Content Marketing World: Recap of Day Two (Through the B2B Lens)
Content Marketing World 2013 was a success! Here are the top five takeaways from day two, through the B2B lens.
If you haven’t yet had a chance, take a peek at my key takeaways and insights from day one at Content Marketing World. If you’re all caught up, terrific. Here are my top five takeaways from Wednesday’s sessions, through the B2B lens, as always:
1. Content measurement is difficult. Not only that, but you can’t take a one-size-fits-all approach to content measurement, because content should behave differently depending on what you’re trying to accomplish. Which leads me to…
2. What are you trying to accomplish with that piece of content? Many B2B organizations struggle to understand content performance because they have no shared understanding about the purpose of different types of content. Thus, they have no lens through which to interpret performance –other than the demand creation lens. This means that really great thought leadership or sales enablement content ends up looking like a flop on the dashboard.
3. Just like raising children, it “takes a village” to create really great B2B content. Content production experts often sit in communications or shared service groups.

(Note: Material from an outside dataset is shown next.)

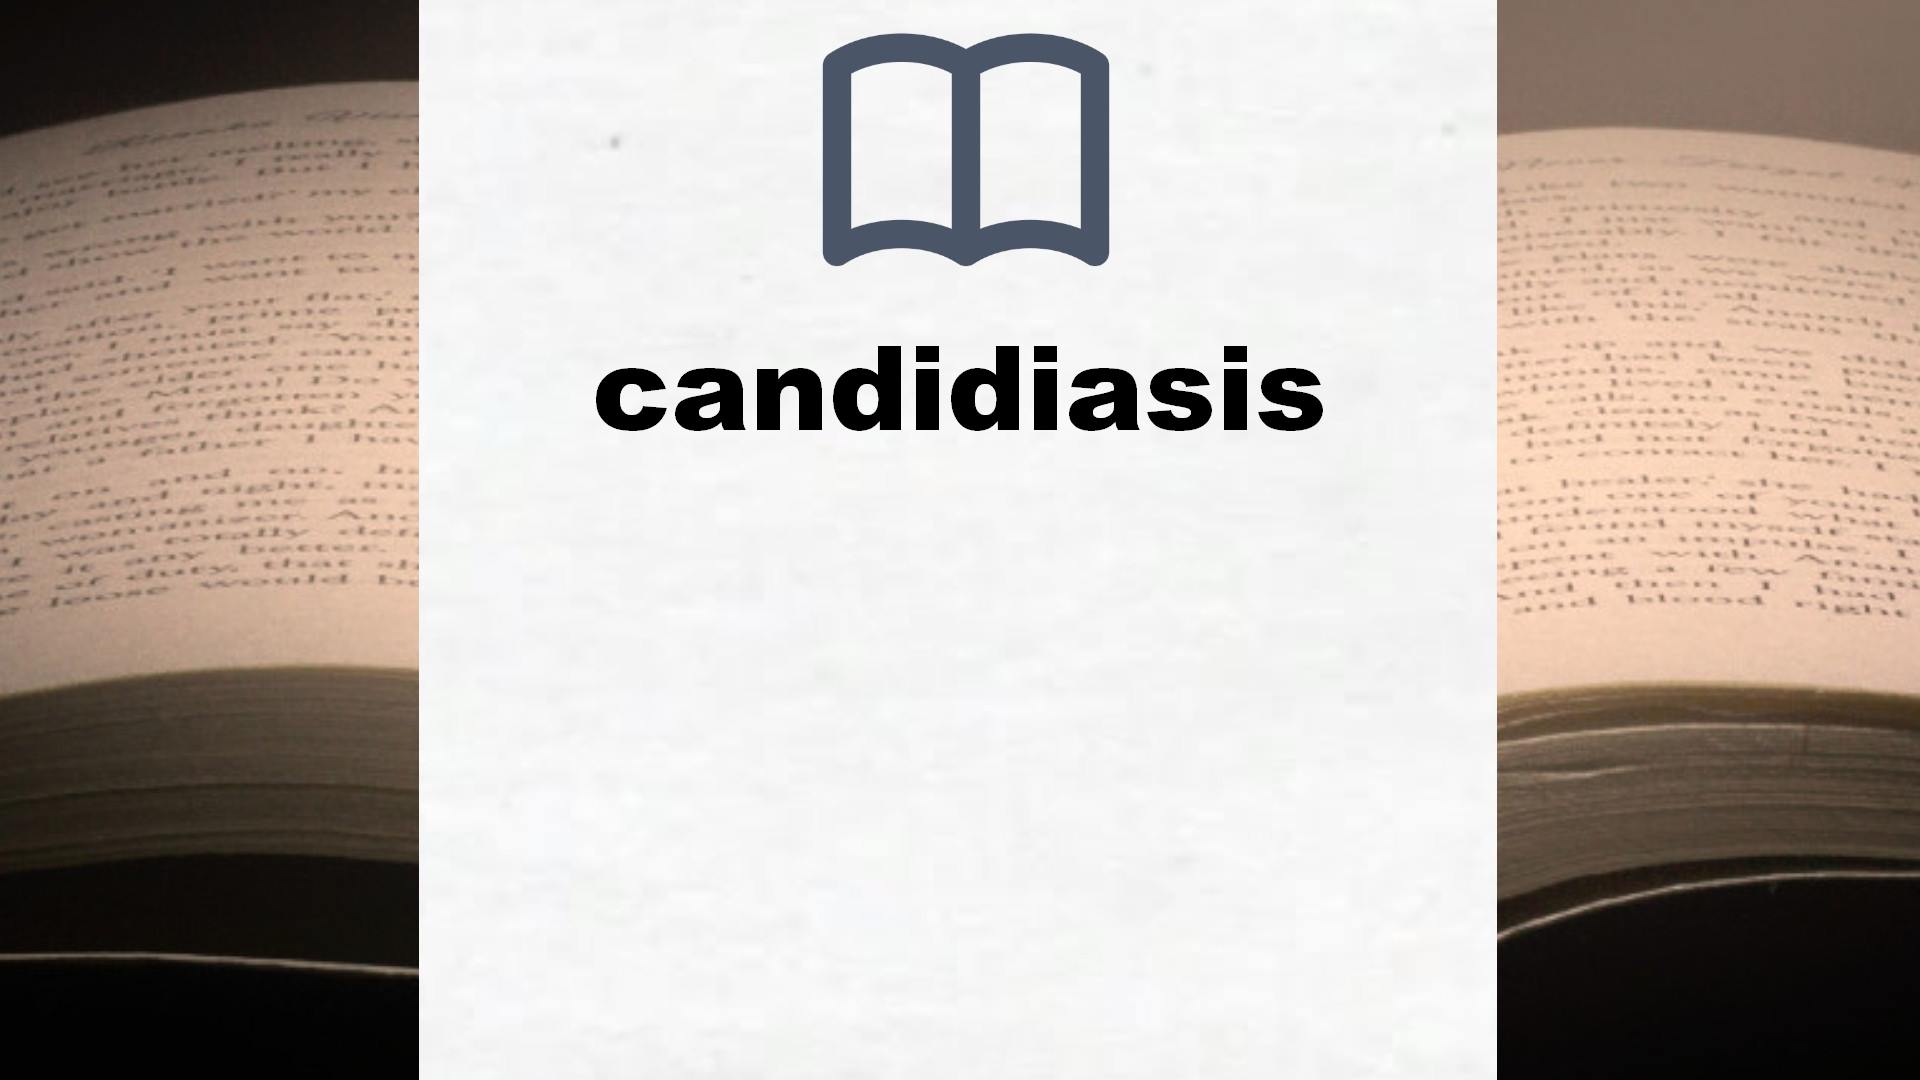 Libros sobre candidiasis

Subject matter experts sit in product, industry, solution or segment marketing. Buyer behavior experts sit in sales or demand-gen marketing groups. Most of the advice dished out at Content Marketing World makes the dangerous assumption that all content creators are empowered with everything they need to pump out great content. It’s important to remember that – particularly in large, complex B2B organizations – this is often not the case and that a major obstacle on the path to content greatness is the lack of functional interlock and collaboration.
4. Although we need to bring the person (or persona) back into marketing, we also need to acknowledge that today we reach people mostly through machines. Yes, we need to write for people. But first we need to write for machines. If we don’t get it through the machines, the people almost never see our fantastic content. Whether it’s for a prospect searching for a topic on the Web or a sales rep searching for content on the portal, great content never sees the light of day unless it’s created and archived in a way that our content machines like and understand.
5. The content technology landscape has exploded, but it’s still pretty irrational. There’s a lot of overlap in functionality, and the lack of well-defined categories makes it difficult for everyone (including analysts) to bucket and compare these vendors in a meaningful way. Not only that, but most technologies are evolving faster than the industry can keep pace with. The proliferation of these tools – many of which claim B2B relevance but fail to deliver – leaves many B2B marketers asking, “Which tools do I really need?” To this, I reply, “What does your toolkit look like? Are you getting full value from your technologies?” In the case of technology – and content – more is not always better. A pared-down, more focused effort often yields greater results.